Alex Hales and Kielan Woods soak up Grade One glory with Millers Bank
‘It’s quite emotional, it’s wonderful really. It took a long time to get here’.
If there was ever a sport that required its participants to embrace the concept of delayed gratification, it is horse racing. The seeds of success in this sphere are sown many years before harvest and even then, there is every chance of a bad crop. Alex Hales took out his training licence in 2000 and whilst no one expects instant success in this industry, he probably did not think his first graded-race winner would be a decade and more in the making. Smooth Stepper took the Grade Three Grand National Trial at Haydock in 2020 to meet that milestone, with For Pleasure and Bourbon Beauty both subsequently collecting Grade Two honours to keep the trainer’s eye in at the elite level. All the while, however, there was a long game in play as Hales and his wife Sally considered potential mates for a broodmare called It Doesn’t Matter.
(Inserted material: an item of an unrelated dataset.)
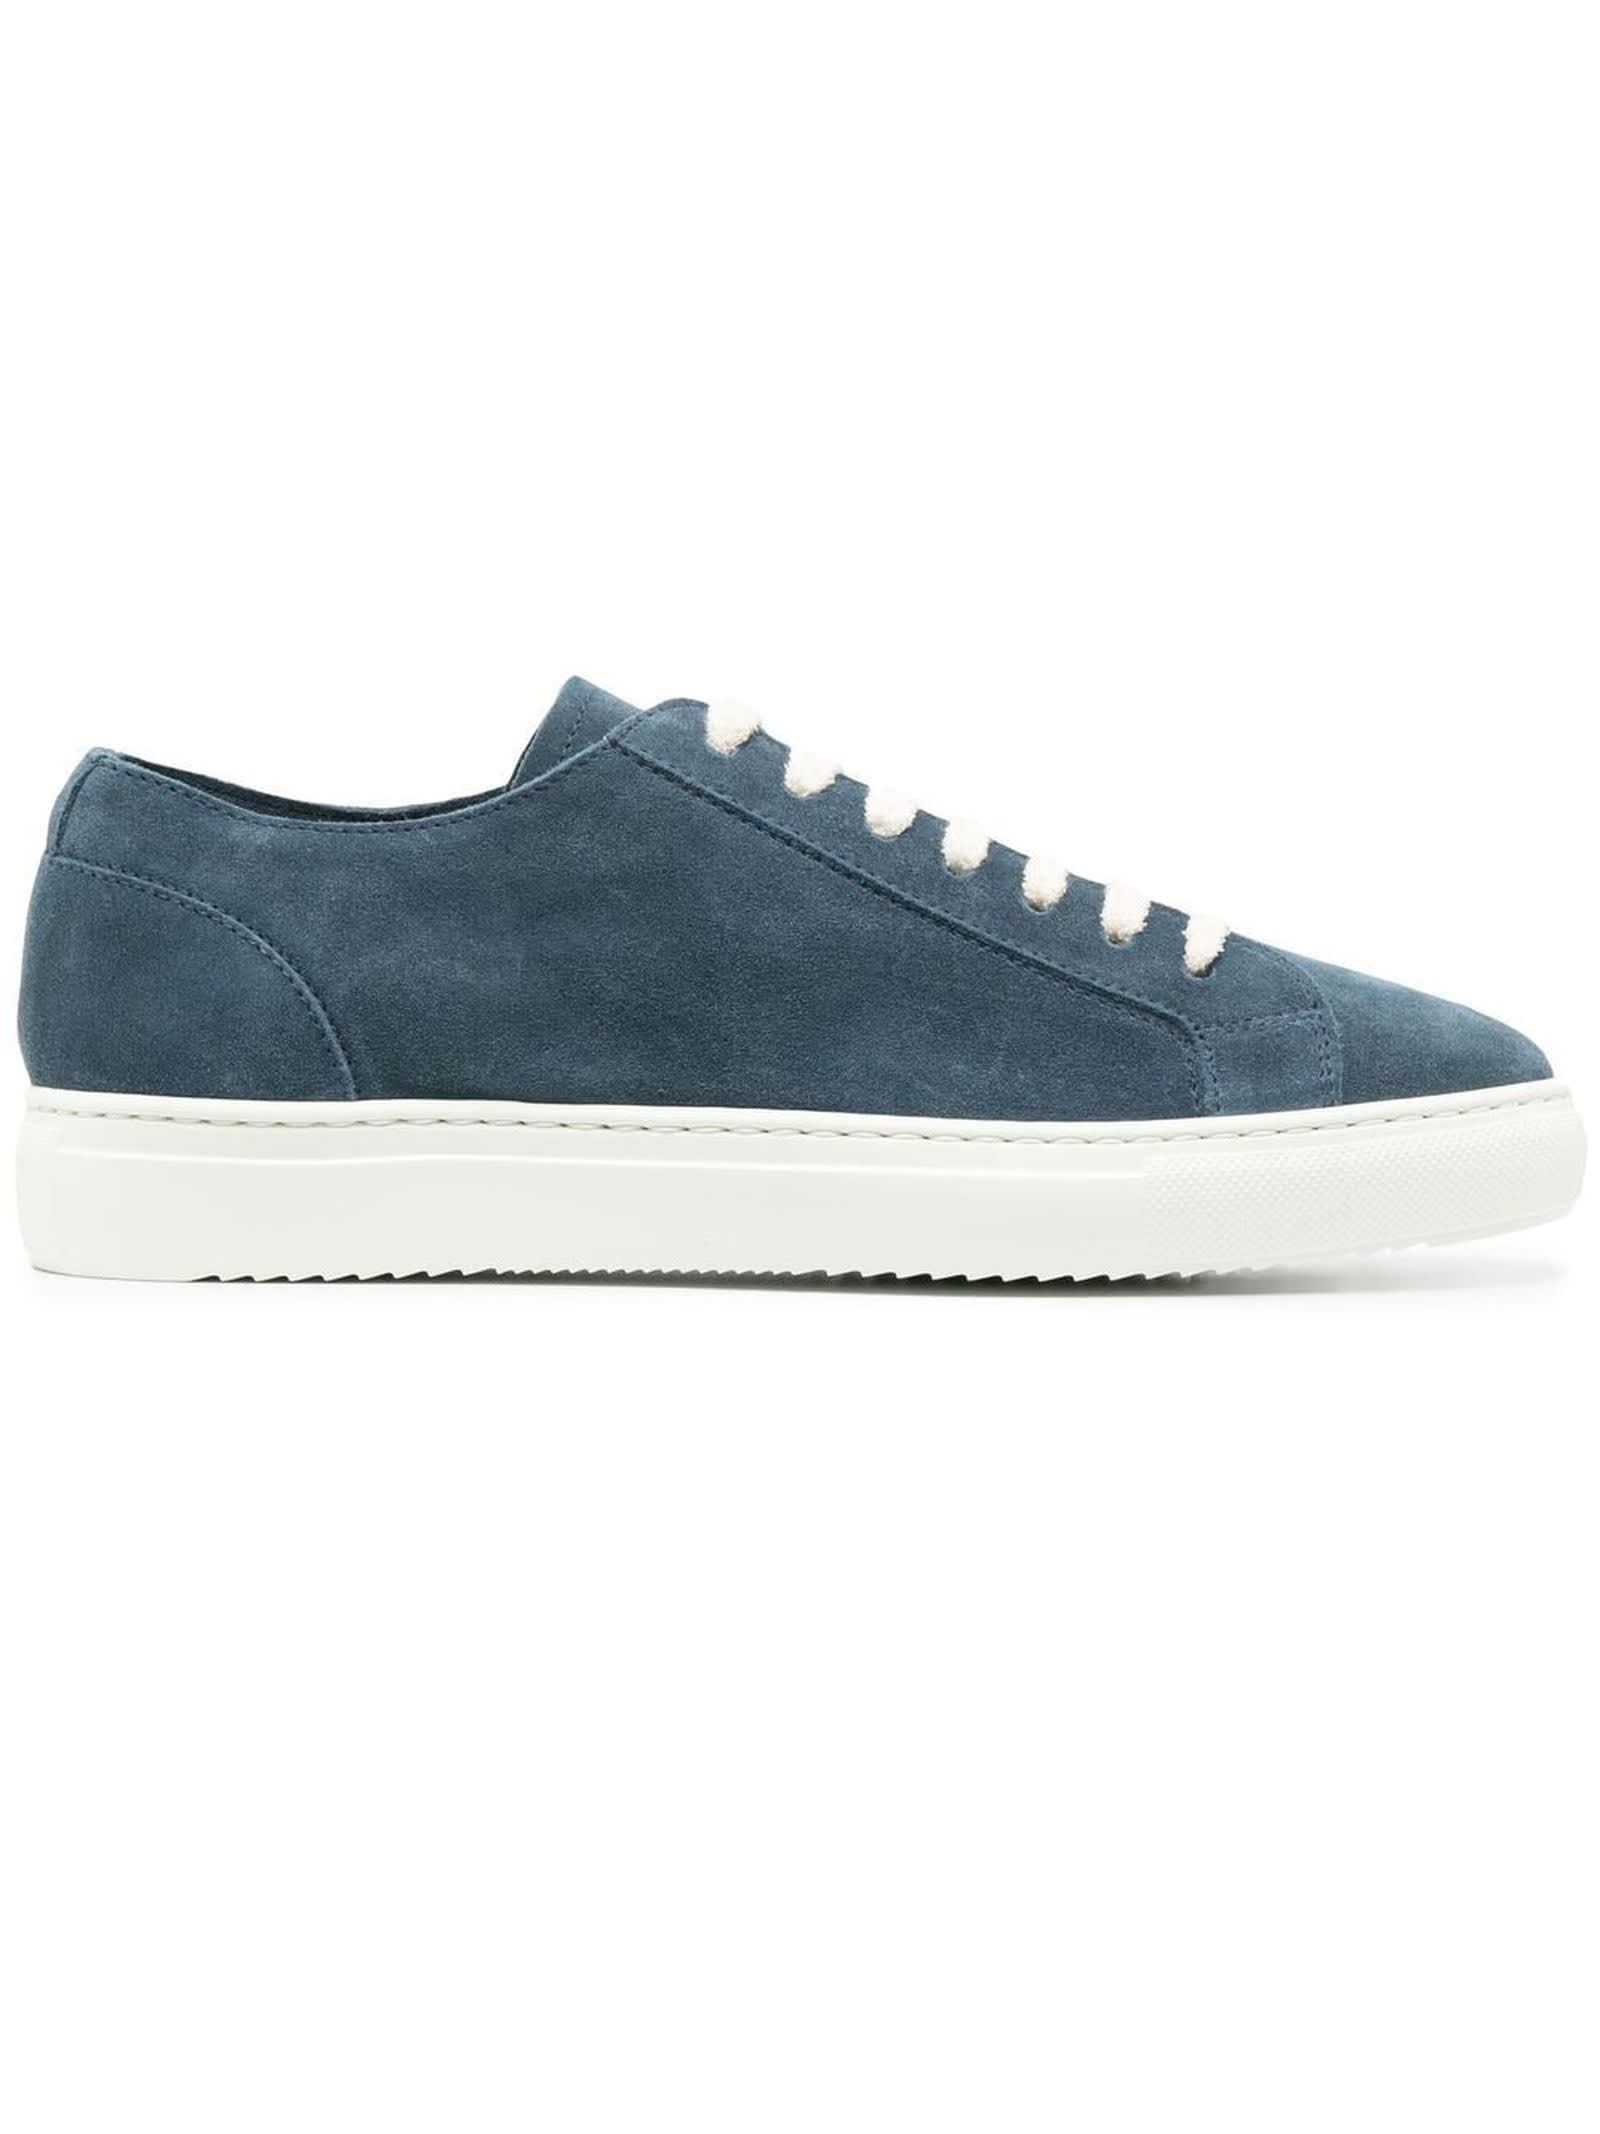 Doucal's Blue Suede Sneakers

Pedigrees do matter in racing and Passing Glance was the sire selected, the dalliance between the two producing a colt they then named Millers Bank. From the foaling box to the saddling box Hales was present, on hand as the now-gelded four-year-old made his racecourse debut in a Lingfield bumper and gradually progressed into a useful hurdler both as a novice and a handicapper. There was a Grade One tilt in the Aintree Hurdle at the Grand National meeting last season and Hales, who knows the horse better than anyone, clearly knew better than those who formulated the bay’s written-off price of 80-1 as he came home an admirable third – beaten only three and a half lengths. At the beginning of the current campaign a graduation to steeplechasing was afoot and when Millers Bank strolled to a neat win at Huntingdon in October, he looked like the figurative duck to water. That victory earnt him a shot at the Grade Two Berkshire Novices’ Chase at Newbury in November, but the horse tackled the odd fence with undue caution and found himself unbalanced on the landing side, pitching jockey Harry Bannister out of the plate and gaining a UR on his record.